A man with paralysed limbs can now pick up a spoon or hold a phone to his ear with movements controlled by his thoughts. A broken neck left him quadriplegic, but despite this he can grasp a bottle, pour its contents into a jar and then stir it with a stick.
The ground-breaking research represents the first time that forearm muscles in a human have been controlled directly by thought and opens the way to more advanced devices for restoring movement to paralysed limbs.
“The findings of this paper are so important for advancing the field of bioelectronic medicine, a new field that is exploding, that it really will help advance the technology that will provide new options for these patients,” says American researcher Chad Bouton.

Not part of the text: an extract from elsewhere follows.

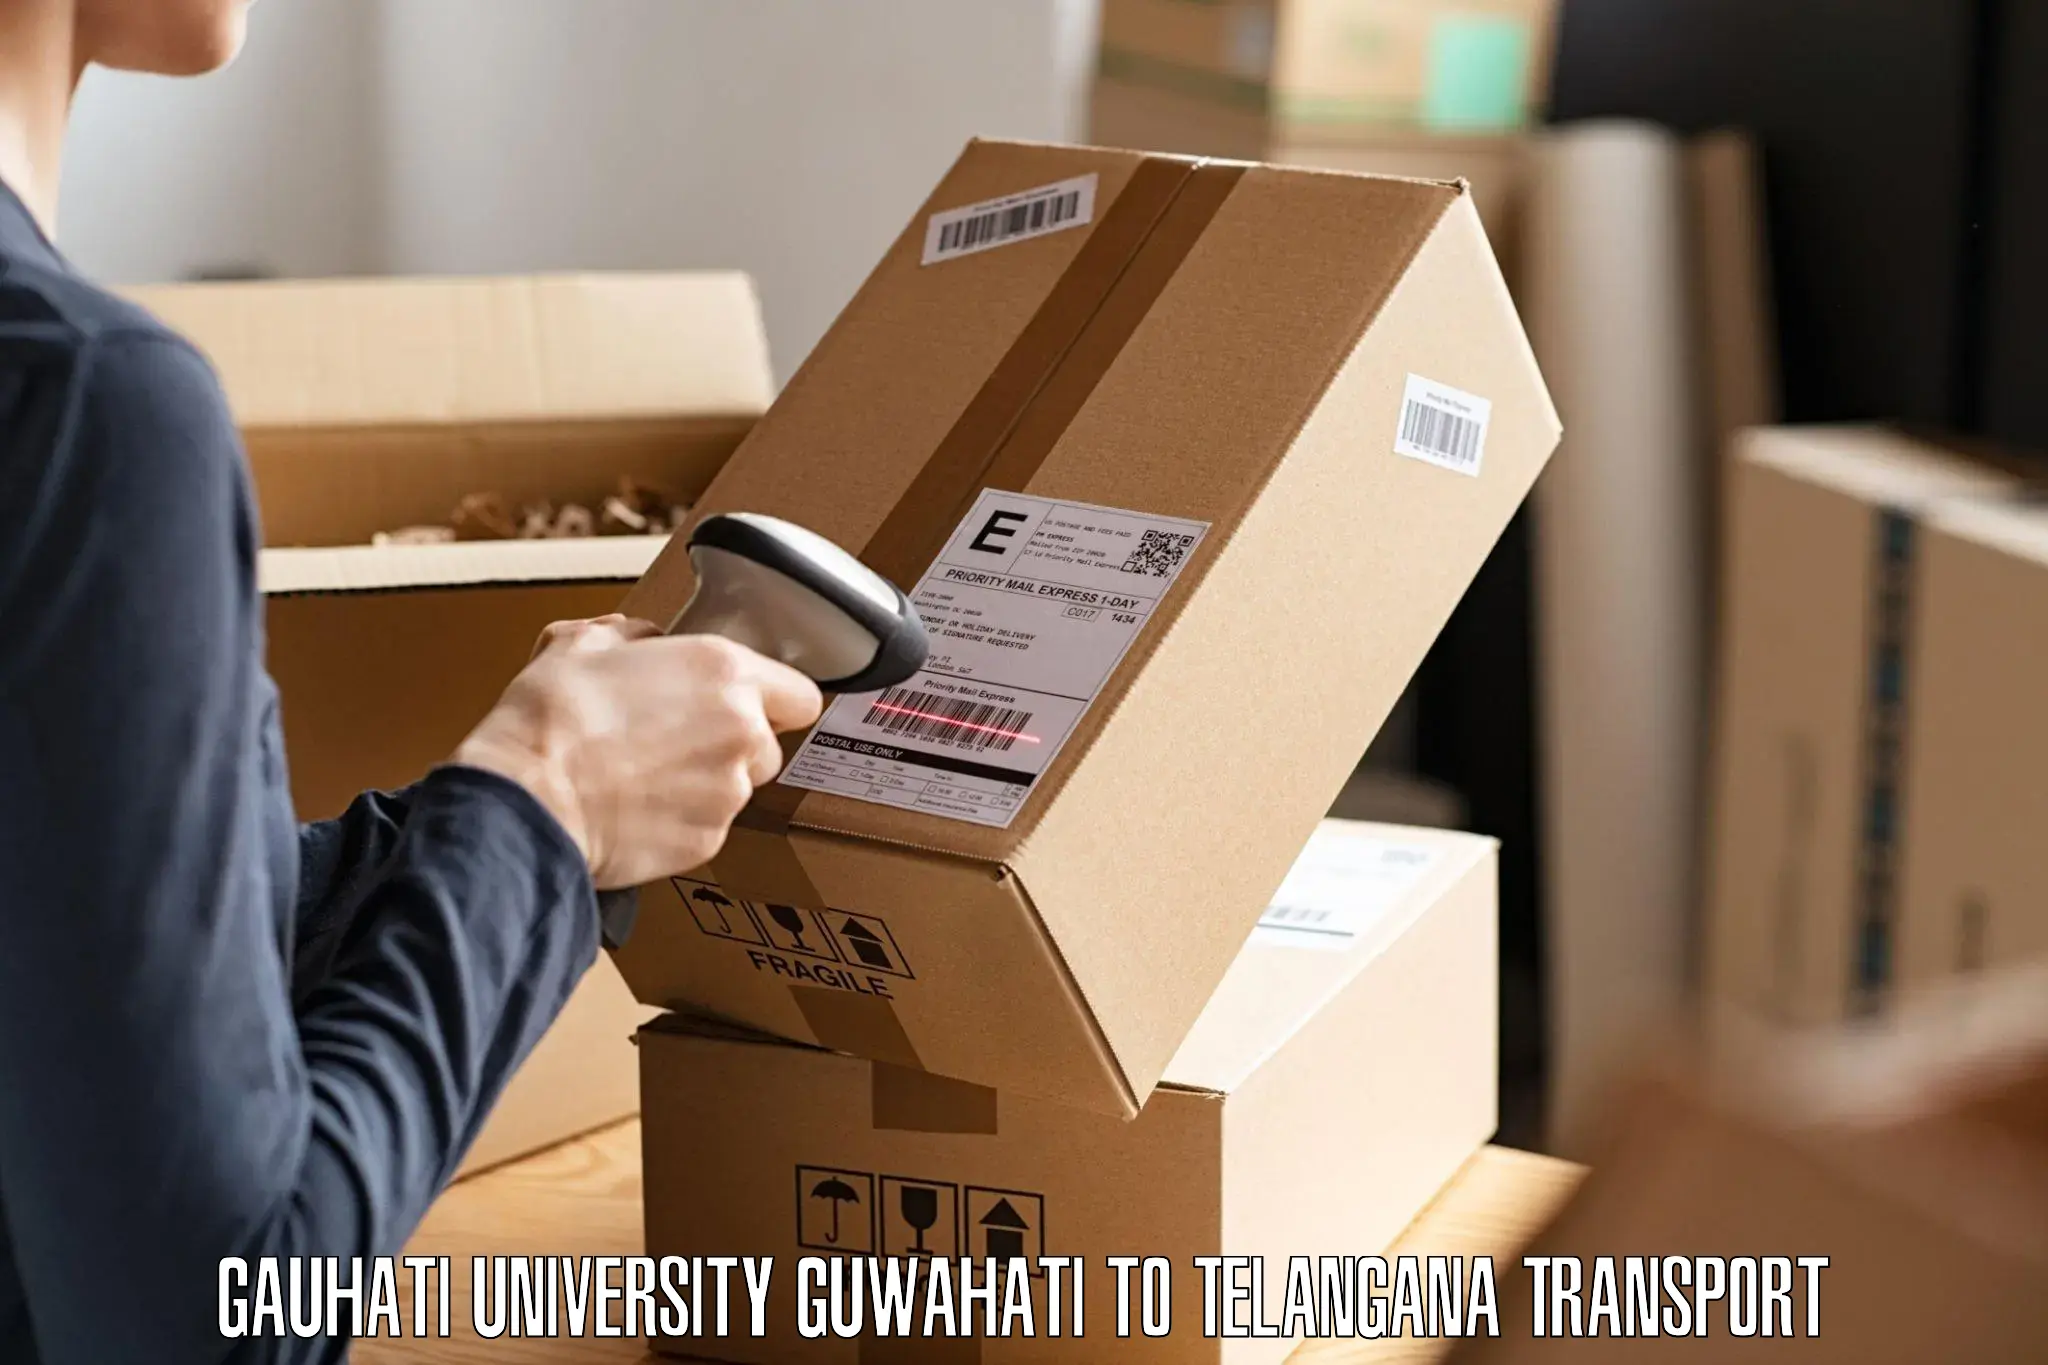 Luggage transport services in Gauhati University Guwahati to Luxettipet

He, along with Nick Annetta and Ali Rezai and other colleagues, published this remarkable research on April 13th in the journal Nature.
"This is the first time a completely paralysed person has regained movement just by using their thoughts," says Dr Bouton, of the Feinstein Institute for Medical Research in the US.
"Now I can think about what I want to do and now I can do it," says Ian Burkhart, a 24-year-old quadriplegic from Dublin, Ohio, on whom the Nature paper is based. "It was a big shock. [The movement] was so fluid-like before the accident."
Major spinal-cord injuries cause loss of limb movement because muscle-controlling signals relayed back and forth from the brain are blocked.
“With this injury, signals from his brain in the motor-cortex area – the area responsible for movement – are intact but the signals arrive at the injury in the spinal cord and are blocked and can’t get to his muscles,” Dr Bouton says.
The researchers overcame this by creating an electronic "neural bypass" that includes a pea-sized microchip implant in the person's brain. The implant is able to read neural activity in the motor cortex..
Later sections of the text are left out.